From: Lee Passey <lee@novonyx.com>
Date: Fri, 01 Feb 2002 16:08:27 -0700
To: Tidy Development <tidy-develop@lists.sourceforge.net>, "html-tidy@w3.org" <html-tidy@w3.org>
Message-ID: <3C5B1FEB.BF0B2EDC@novonyx.com>

OK, I have come up with a workable implementation of this.  I'll give
everybody a couple more days to yell at me before I check it in.    As I
was doing it though, a couple of issues presented themselves:

1.  I replaced a long multi-test conditional with isspace().  Is this
'c' library call available on all platforms?

2.  The escaping of '/' after '<' in CDATA is done in lexer.c during
parsing.  Should it be postponed to the pretty-print phase?  I am in
favor of this, as I am working with the goal in mind of using the
parsing routines as a basis for a DOM-1 compliant set of libraries
(which, I believe, is one of the stated goals of the group). 

Charles Reitzel wrote:
> 
> Hi Lee,
> 
> I like the Tar Baby analogy.  I think Dave's Original fix - escaping the
> forward slash is a good one for Javascript.  For other scripting languages,
> emitting a warning is probably a good idea for HTML output.  For XHTML
> output, the ugly but effective, commented-out-CDATA-section-marker is
> OK.  So far, so good.
> 
> If I understand it correctly, as long as you avoid looking inside quoted
> strings, your new refinement has no conflict with either of these
> "fixes".  I like your approach of limiting the tag name check to the
> current ancestor stack.  It strikes a nice balance between adaptability and
> avoiding unintended side effects.
> 
> Those specs are mostly good reading (Thanks, Dave).

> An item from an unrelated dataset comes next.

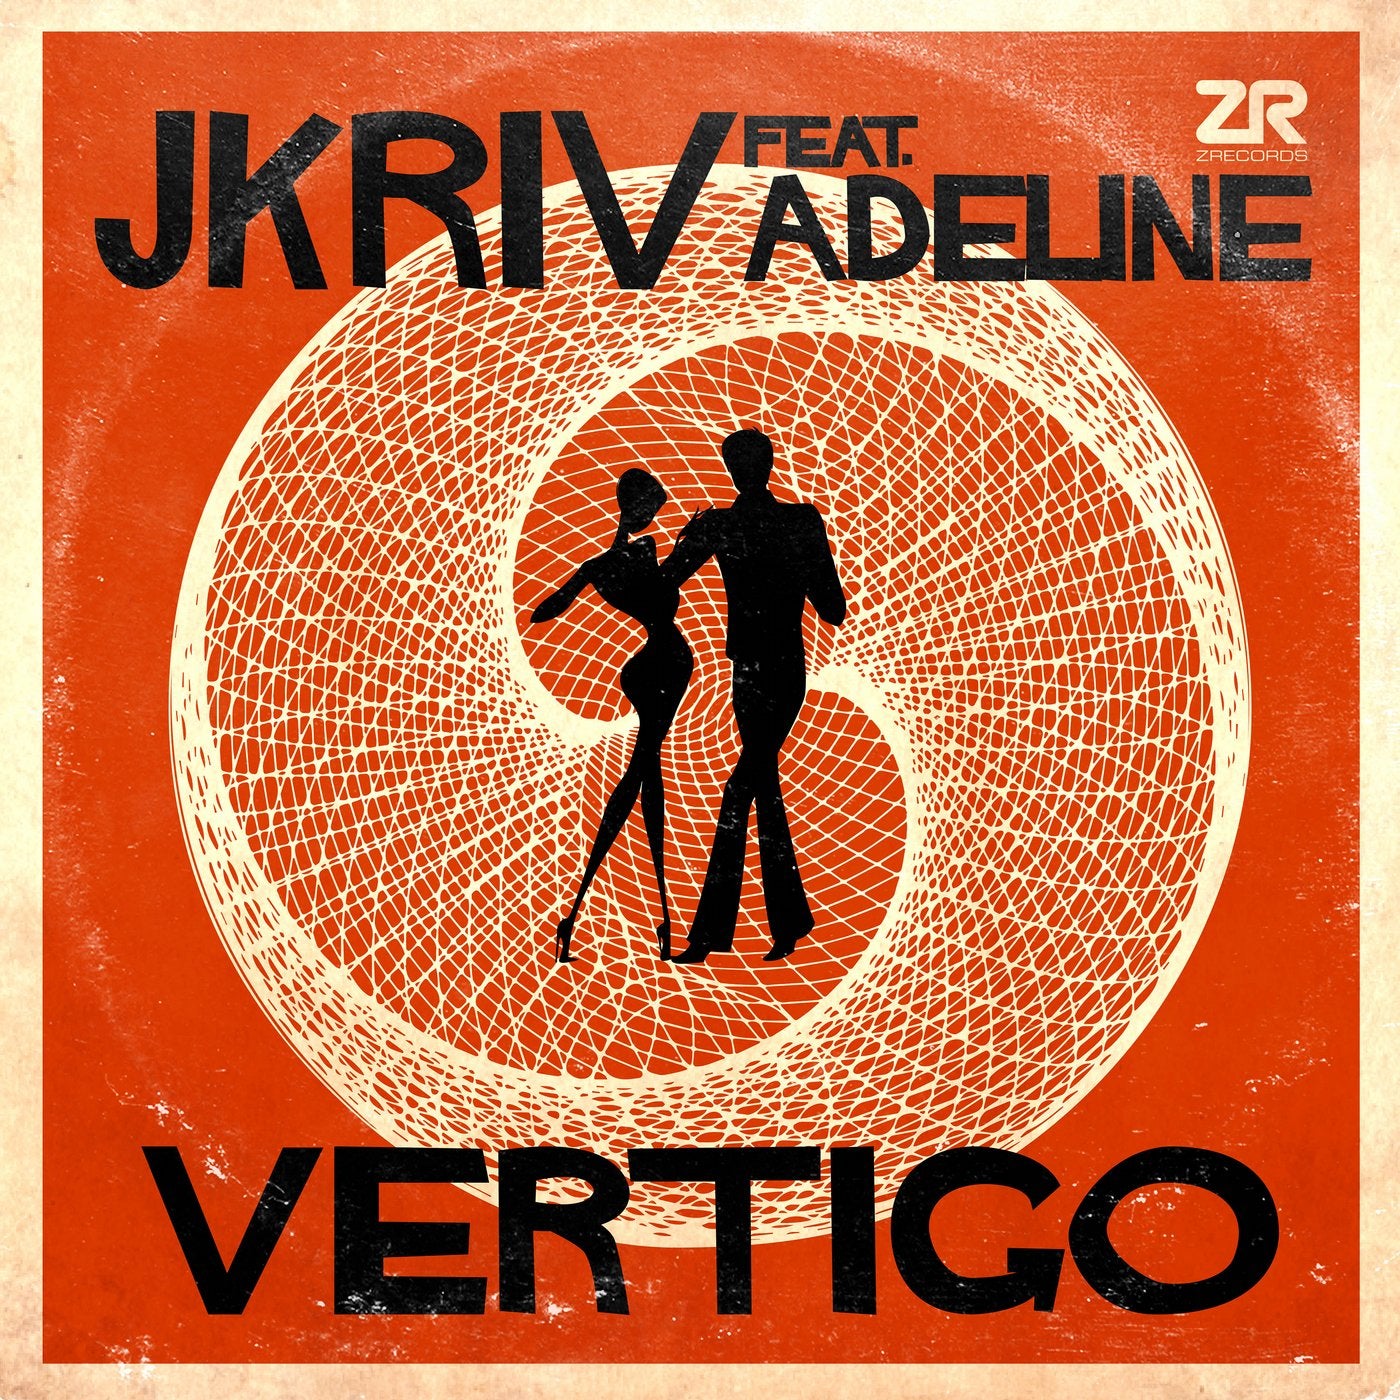 Dick night. Vertigo. Vertigo Music. Vertigo альбом. Vertigo песня.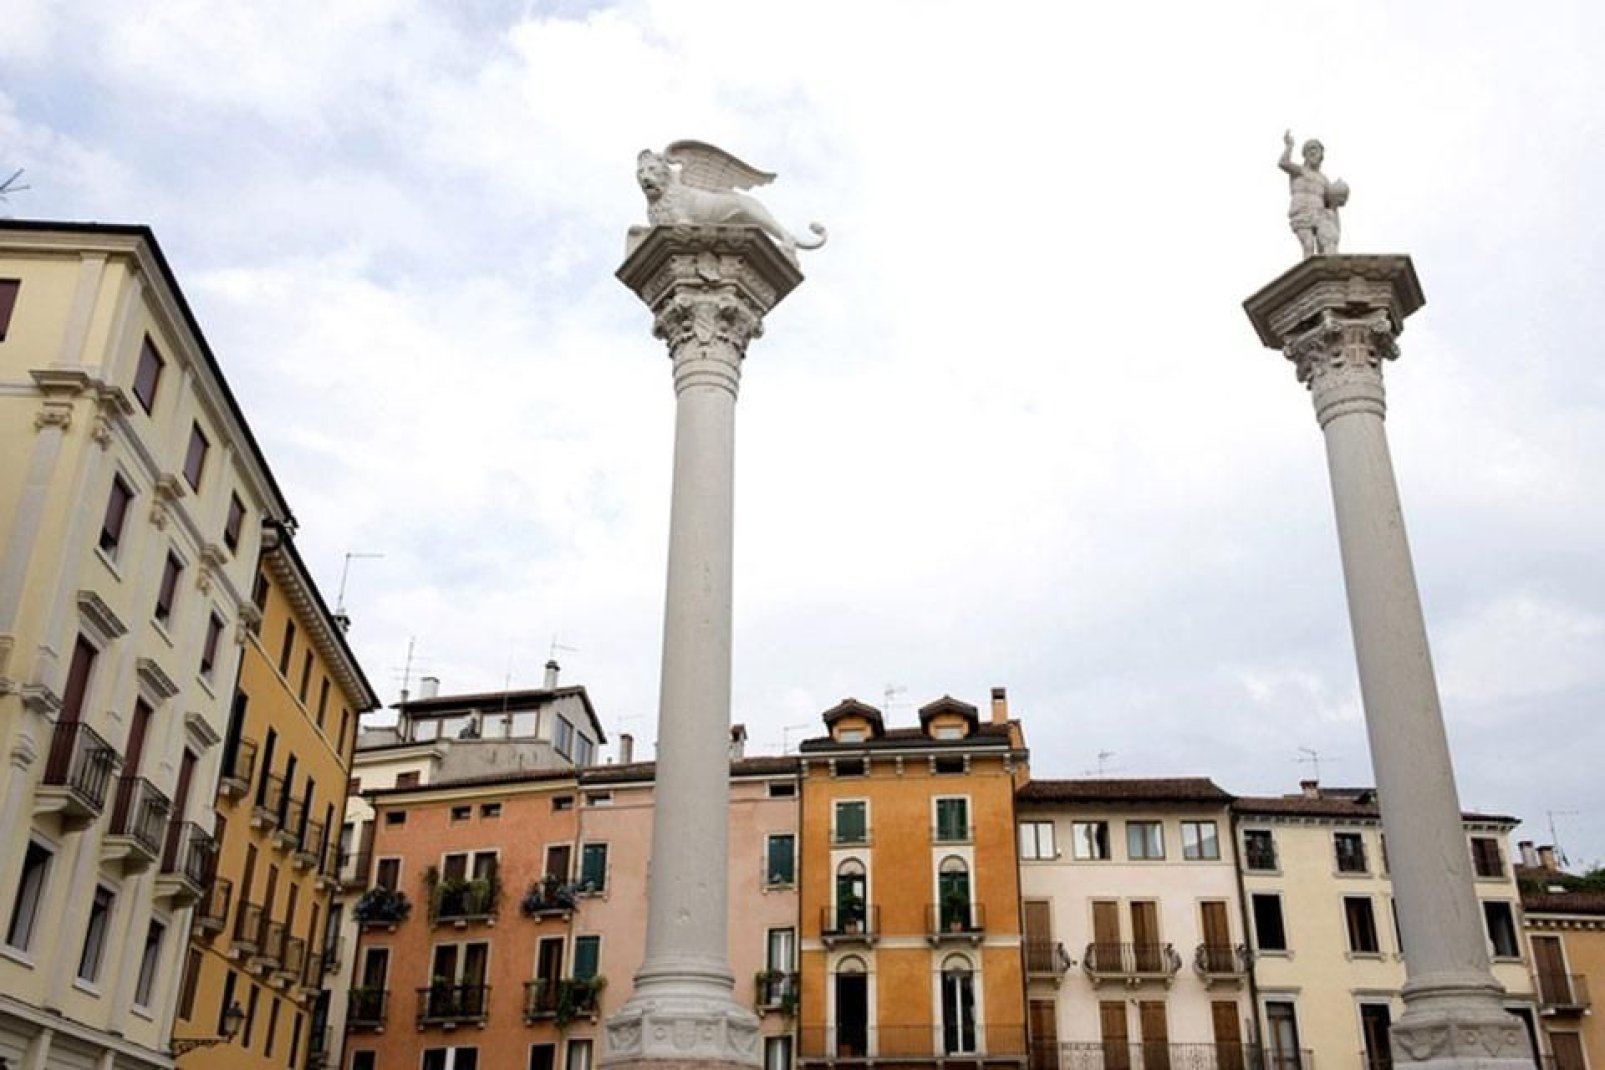 Detailansicht des Piazza dei Signori in Vicenza, auf der zwei Säulen stehen, wobei eine den Löwen von St. Markus und die andere den Erlöser trägt.

Once you get into it,
> they can be your best reference.  Keep it up, and you'll learn SGML.  Don't
> say I didn't warn you...
> 
> take it easy,
> Charlie
> 
> At 12:48 PM 1/31/2002 -0700, you wrote:
> >p.s.
> >
> >I couldn't find an explicit discussion of this in the 4.x spec, but
> >apparently this is the behavior mandated by the 3.2 spec, which states:
> >
> >"All markup characters or delimiters are ignored and passed as data to
> >the application, except for ETAGO ("</") delimiters followed immediately
> >by a name character [a-zA-Z]. This means that the element's end-tag (or
> >that of an element in which it is nested) is recognized, while an error
> >occurs if the ETAGO is invalid."
> >
> >
> >Lee Passey wrote:
> >
> > > So I reworked the logic of GetCDATA() a bit, so that when a presumed
> > > end-tag is encountered, and it does not match the container's tag, it
> > > would climb the parse tree.  If the tag matches _any_ parent tag, it
> > > pushes the end-tag token, and stops parsing CDATA.  This has the effect
> > > of
> > > adding an implied end-tag for an unterminated <script>, and causes
> > > parsing to continue correctly.
> > >
> > > Is this the right solution?
> >
> >_______________________________________________
> >Tidy-develop mailing list
> >Tidy-develop@lists.sourceforge.net
> >https://lists.sourceforge.net/lists/listinfo/tidy-develop

Received on Friday, 1 February 2002 18:01:12 UTC